See Methods for details.

https://doi.org/10.1371/journal.pone.0184405.g002

Mapping O-GlcNAc sites to protein structures

Protein chains > 30 residues long from structures determined by X-ray crystallography to ≤ 2.50 Å resolution were selected from the Protein Data Bank [31] (PDB: 2nd August of 2015). Mapping the 1,385 OGT sites from 620 proteins to PDB structures by SIFTS [32] located 45 OGT sites in 24 proteins of known structure. The structures of a further 107 sites were identified by searching the sequences of O-GlcNAcylated proteins against the PDB chains with BLAST and filtering by a conservative E-value ≤ 10−25 to minimise erroneous matches.
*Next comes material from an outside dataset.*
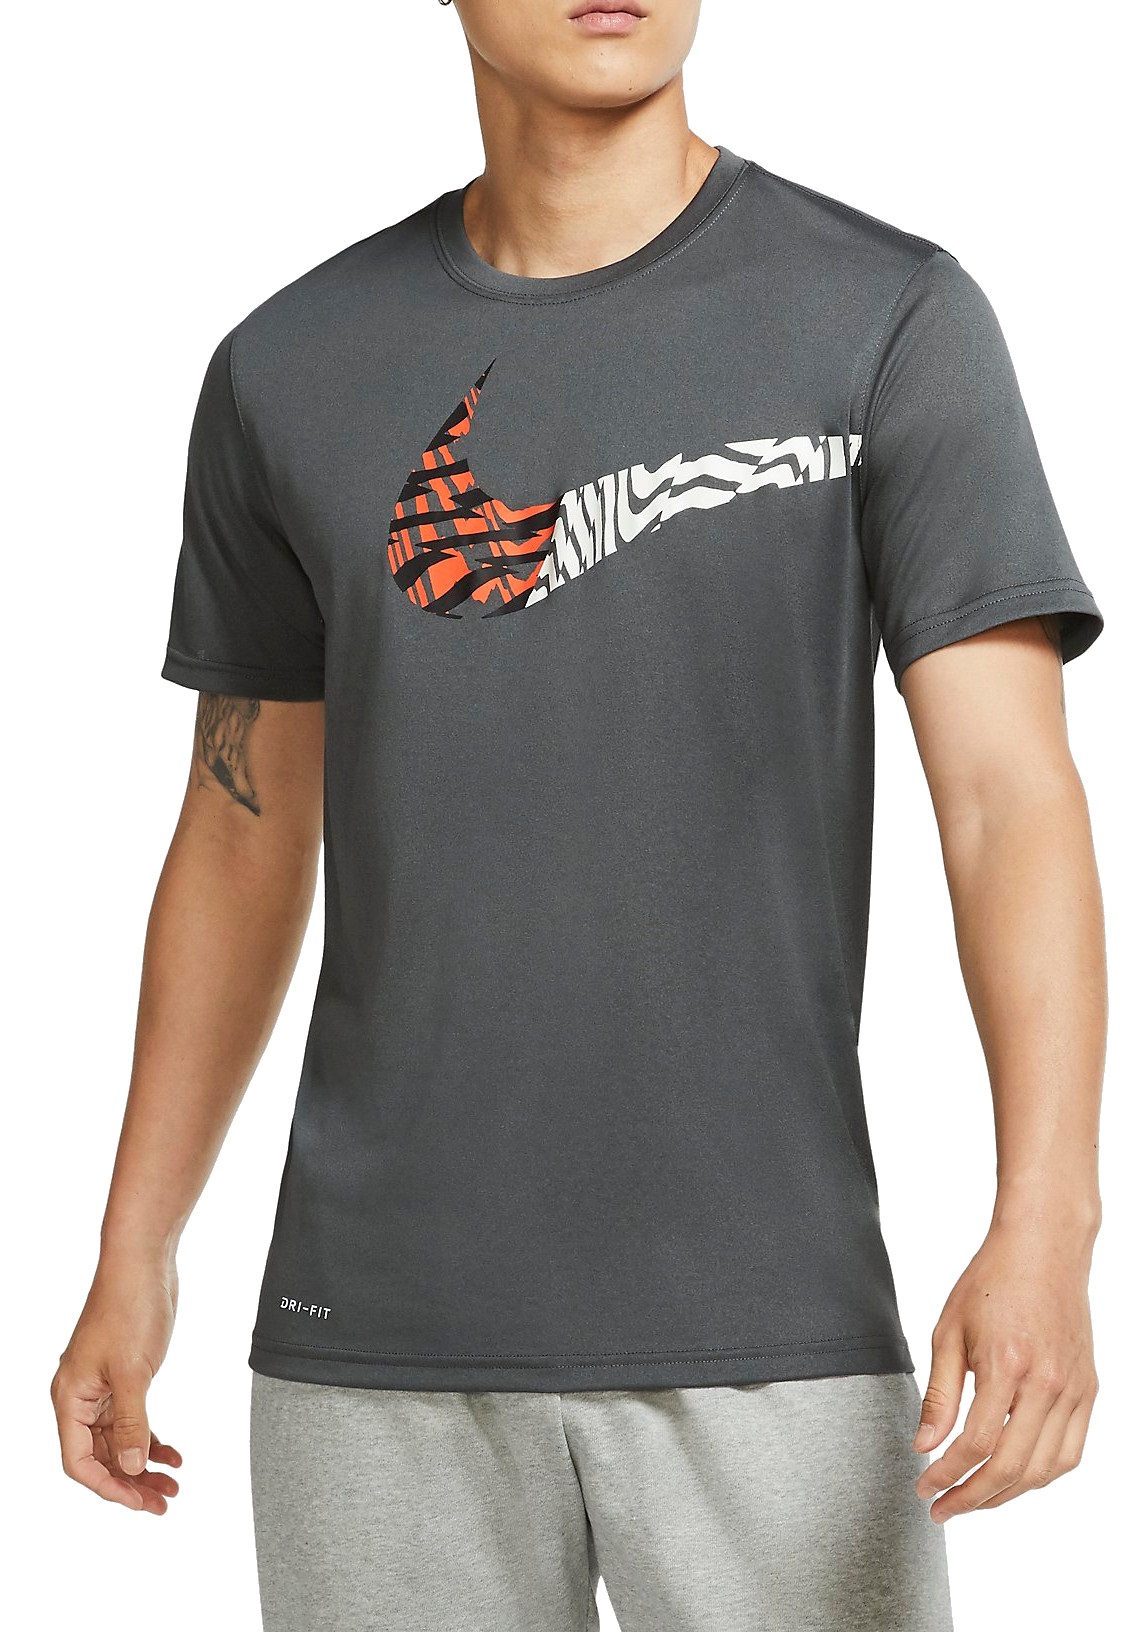 T-shirt free Nike swoosh 8

The cutoff of ≤ 10−25 was found empirically to ensure the reliability of the match in the region of each site by inspecting all alignments between query and PDB sequence at different thresholds. Selecting the protein chain with highest coverage (SIFTS) or E-value (BLAST) left 143 sites in 107 proteins for further analysis, referred to hereafter as the “143 Structural Sites” (SS143).
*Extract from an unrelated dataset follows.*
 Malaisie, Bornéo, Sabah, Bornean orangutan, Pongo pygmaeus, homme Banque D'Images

Site definition and clustering

The three-dimensional structure of OGT with its substrates suggests the region of contact between OGT and a modifiable S/T includes the residues and +/- 3 amino acids either side [29,30]. From the structural sites returned in Mapping O-GlcNAc-sites to protein structures, “132 Structural Sites” (hereafter SS132) had at least one match with all backbone atoms for the 7-residue long site and were retained for further analysis. Cα atoms of each residue and the Cα and the Cβ for the central S/T were superimposed for all pairs of sites. Hierarchical clustering by complete linkage was applied on the resulting matrix of root-mean-square deviation (RMSD) values and clusters selected where all pairs of peptides were within 3 Å RMSD of each other.
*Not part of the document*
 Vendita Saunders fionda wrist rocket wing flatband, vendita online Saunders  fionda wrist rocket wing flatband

Structural properties of sites

Protein secondary structure assignments were obtained from DSSP[33]. DSSP annotates 7 different secondary structure states: 310 helix (G), α helix (H), π helix (I), bends (S), turns (T), isolated (B) and extended (E) β-bridge. These assignments were reduced to three states: G and H to helices (H); I, B and E to strands (E); and all other, including residues with no assignment, to coils (C) [34]. The solvent accessible area from DSSP was normalised by the residue's maximum accessible area [35]. A S/T was considered exposed if its relative solvent accessibility (RSA) was > 25%; partially buried if the RSA > 5% and ≤ 25%, and buried if RSA ≤ 5%. Cα B-factors were standardised (Z-score normalised) over the B-factors for all Cα in the same chain.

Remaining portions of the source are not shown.